In the world of magic, turning the clock has proven itself: thanks to a time turner, the ambitious magic student Hermione Granger was able to attend several school lessons at the same time in the Harry Potter novels. This doesn’t work in the non-magical world. But now a study is making people sit up and take notice: negative time has manifested itself in a quantum physics experiment.
For the first time, researchers have observed a physical process that has a negative duration. This process, how could it be otherwise, takes place in the quantum world, which often eludes intuitive understanding. Quantum particles such as photons – i.e. light particles – can take two paths at the same time or penetrate barriers, they can be entangled with one another over large distances and lose their properties when measured. Now researchers from Aephraim Steinberg’s team at the University of Toronto have experimentally proven that photons leave an atom cloud before they have even entered it. You spend a negative time in it.
Steinberg and his colleague Josiah Sinclar had suspected that something like this could exist since 2020. At that time, they had set up an experiment that was intended to investigate how individual photons moved through clouds of rubidium atoms. Photons can be absorbed by atoms, which absorb their energy and thus enter an excited state. The photon is first swallowed and then spit out again when the atom returns to its ground state – that’s what the textbooks say.
![](https://nvts-gb-ldn-allnewspress.allnewspress.com/wp-content/uploads/2024/10/Researchers-measure-negative-time-in-quantum-world-knowledge.jpeg)
:Mr. Lehners, what exactly is time?
Everyone knows them, no one really understands them. Cosmologist Jean-Luc Lehners on time travel and the question of how you can jump 50,000 years on Earth in a spaceship.

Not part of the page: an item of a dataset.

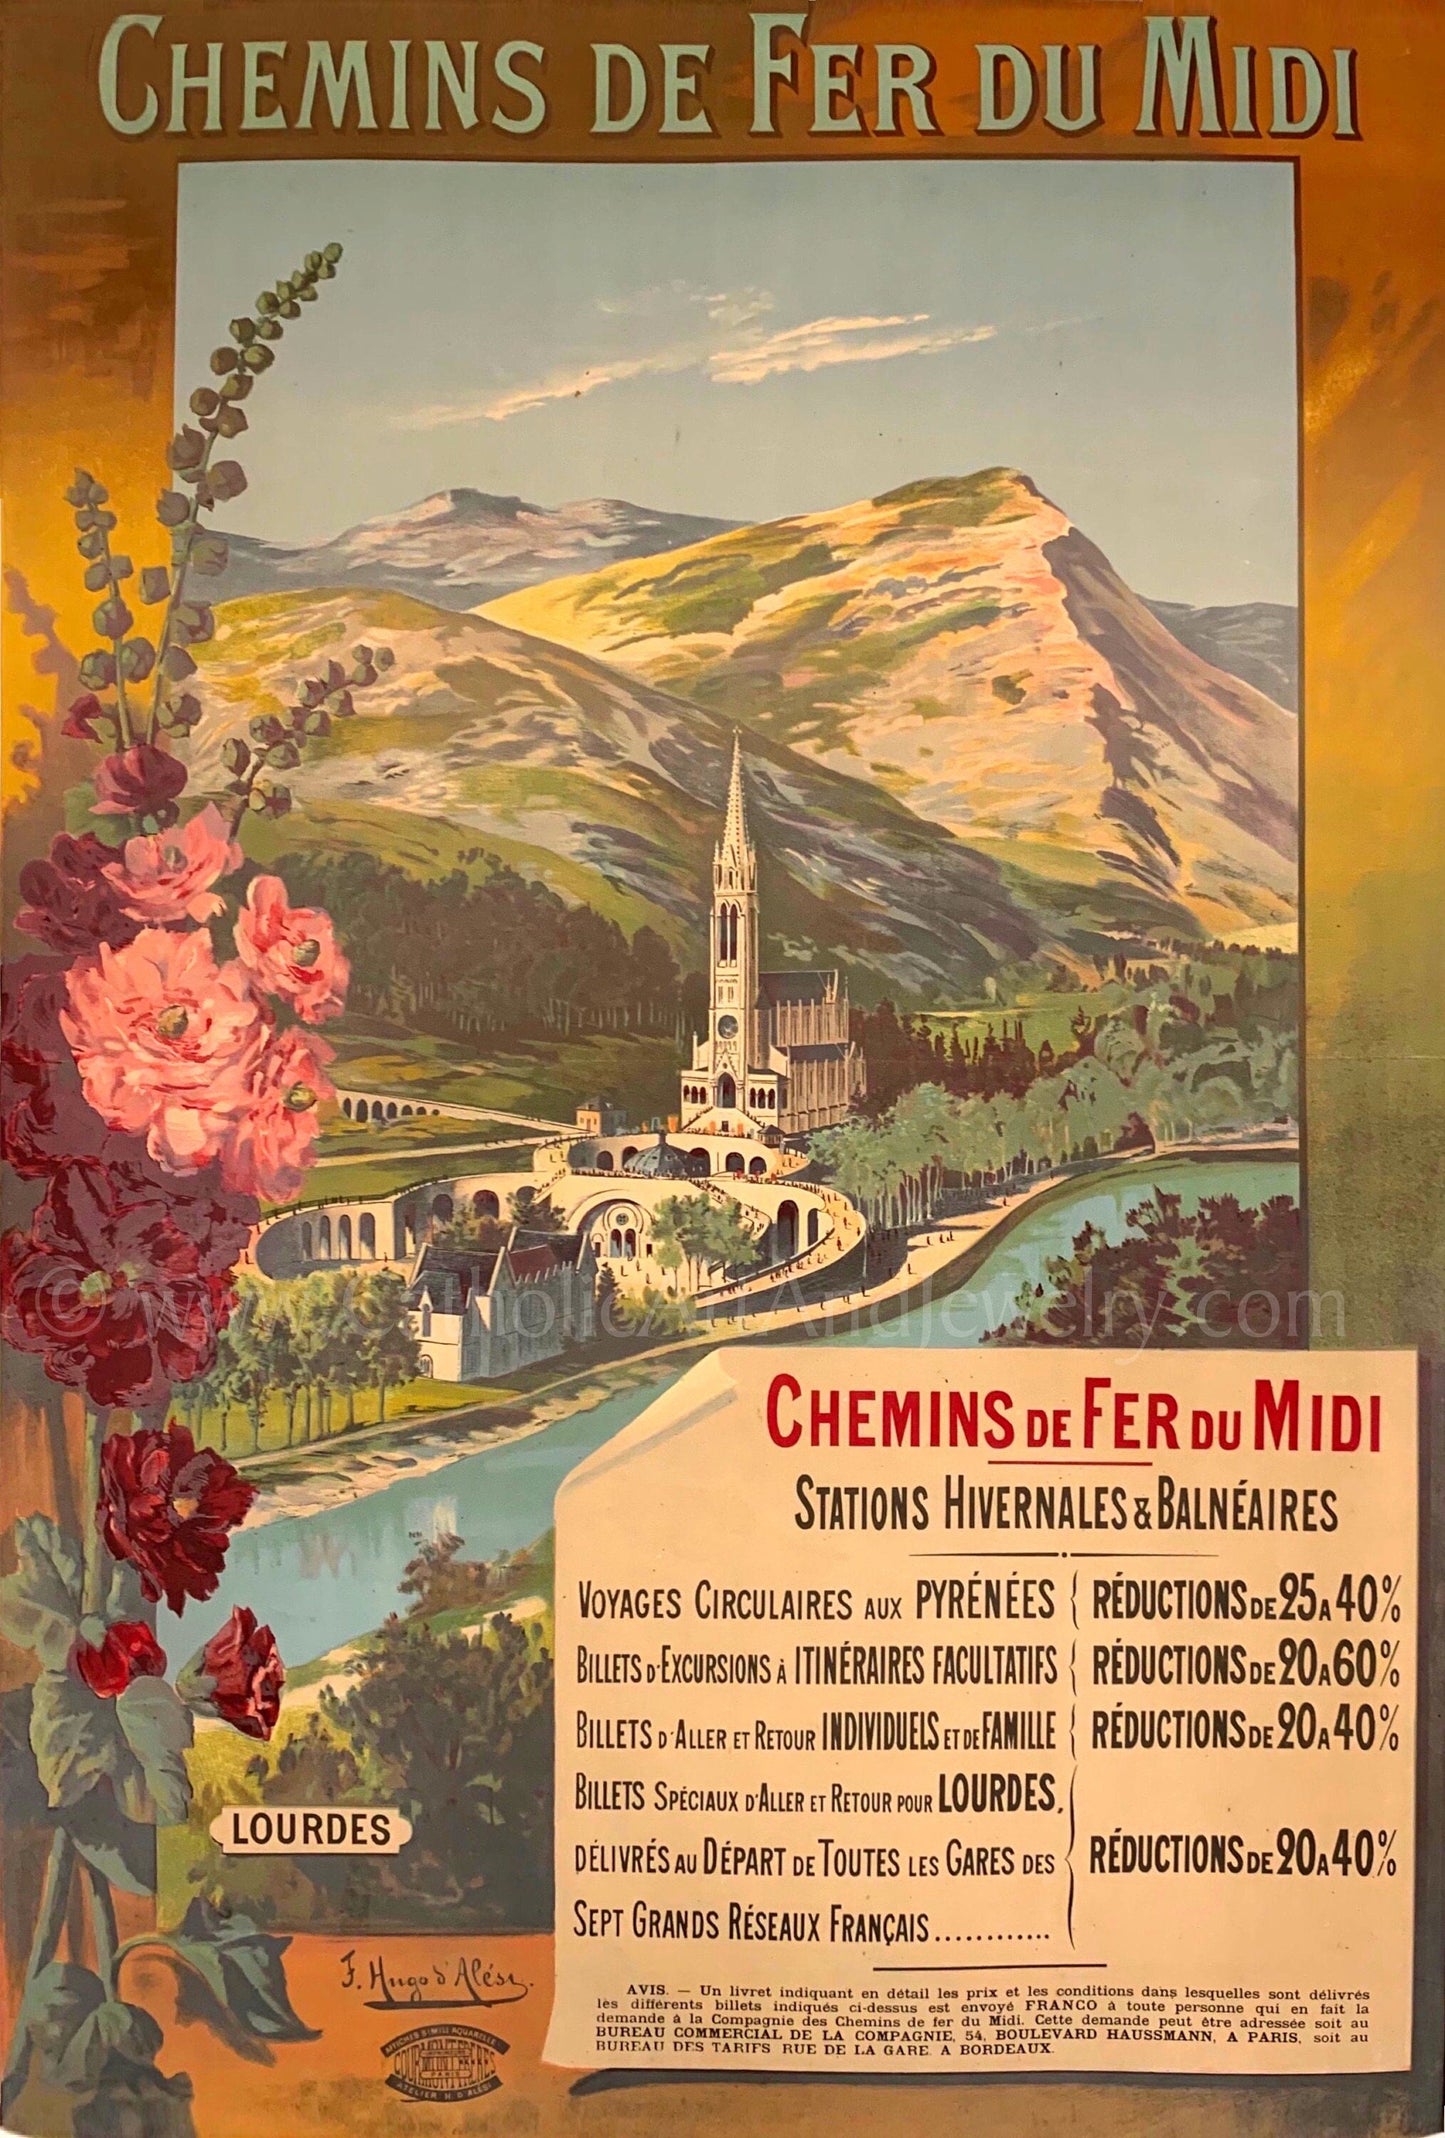 Lourdes Travel Poster – based on a Vintage French Travel Poster – Catholic Art Print
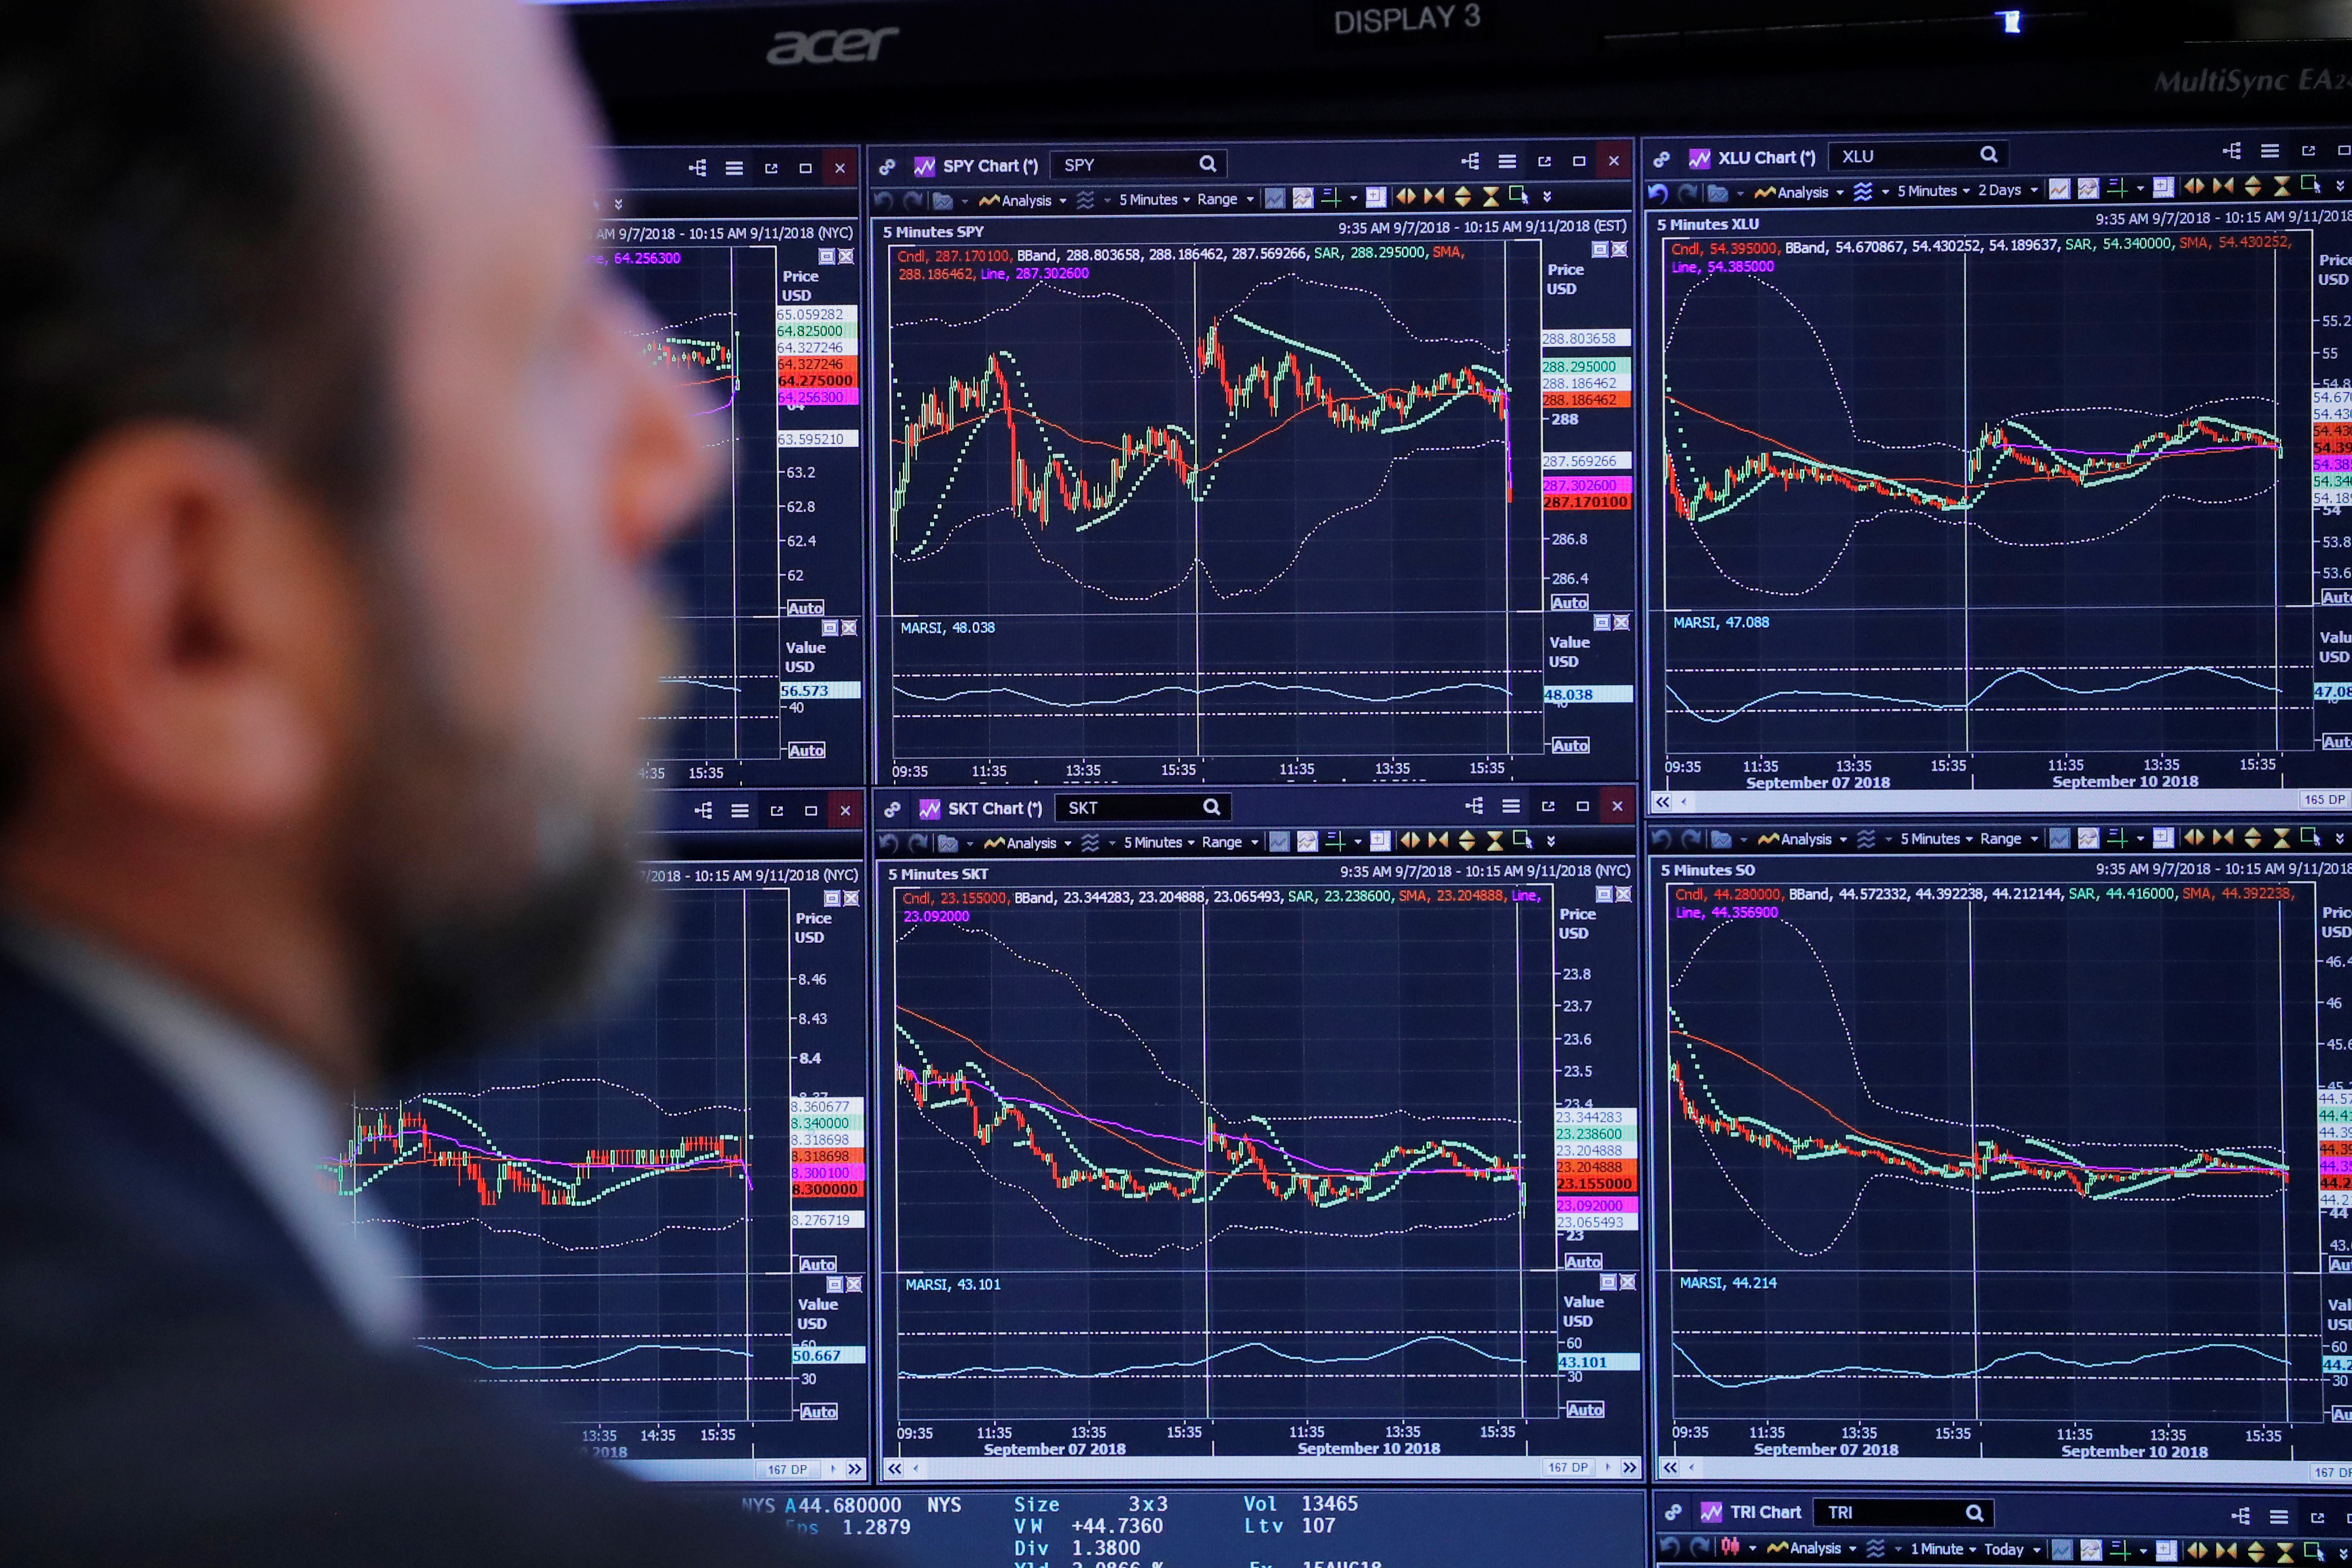 Webinar: Data Gaps Posing Risks to Financial Markets and Economy

Two strange things happened in the experiment at that time: rubidium atoms were excited, even if the photons emerged unmolested at the other end of the cloud. The atoms could, in a sense, have the cake and eat it at the same time, as a counter-evidence to the English proverb. And when an atom swallowed a photon, it spit it out almost immediately, much faster than it would normally return to its ground state. Sinclair writes on the Platform X: “Ultimately, this raised more questions than answers.”
Steinberg’s team designed a new experimental setup with which they wanted to investigate the length of time over which the photons are absorbed. Mathematically they had proventhat the duration always corresponds to the time by which the wave packet of photons is delayed as it passes through the atom cloud. The movement of the wave packet describes the so-called group speed.
But the crux of the matter is that sometimes the group speed of the photons in rubidium is not slower, but actually faster than light in a vacuum. Instead of a delay, there is a gain in time.
Something takes minus three seconds? This seems outrageous, but it does not violate the theory of relativity
This was known, but it was generally not considered to be physically significant, but rather an artifact of complicated turbulences in the wave packet that describes the movement of the photon. The best way to imagine this is as a wave in the ocean moving towards the beach on the surface, while a single water molecule within that wave flows in the other direction.
But if you think about the negative delay further in physics, it follows that the time period in which photons are absorbed by the atoms can also be negative. The team has now confirmed this with their experiments. The negative time therefore has measurable physical consequences. As The preprint of the study is already publicthis document has not yet been peer-reviewed.
But even if it seems unheard of for something to take a negative time, this does not violate the special theory of relativity. This prohibits information from being transported faster than light. However, at group speeds faster than light, no information is transmitted, which is why this behavior – unlike Hermione’s time turner – is compatible with the laws of physics.
And anyone who thinks of the 2020 film Tenet, which twists the brain in knots, will also be disappointed: the direction in which time runs is not reversed in the experiments of the Canadian research group. So projectiles cannot be sucked back into weapons like in the film. Only the length of time an event lasts can be negative. This is extremely counterintuitive, but it is the quantum world after all.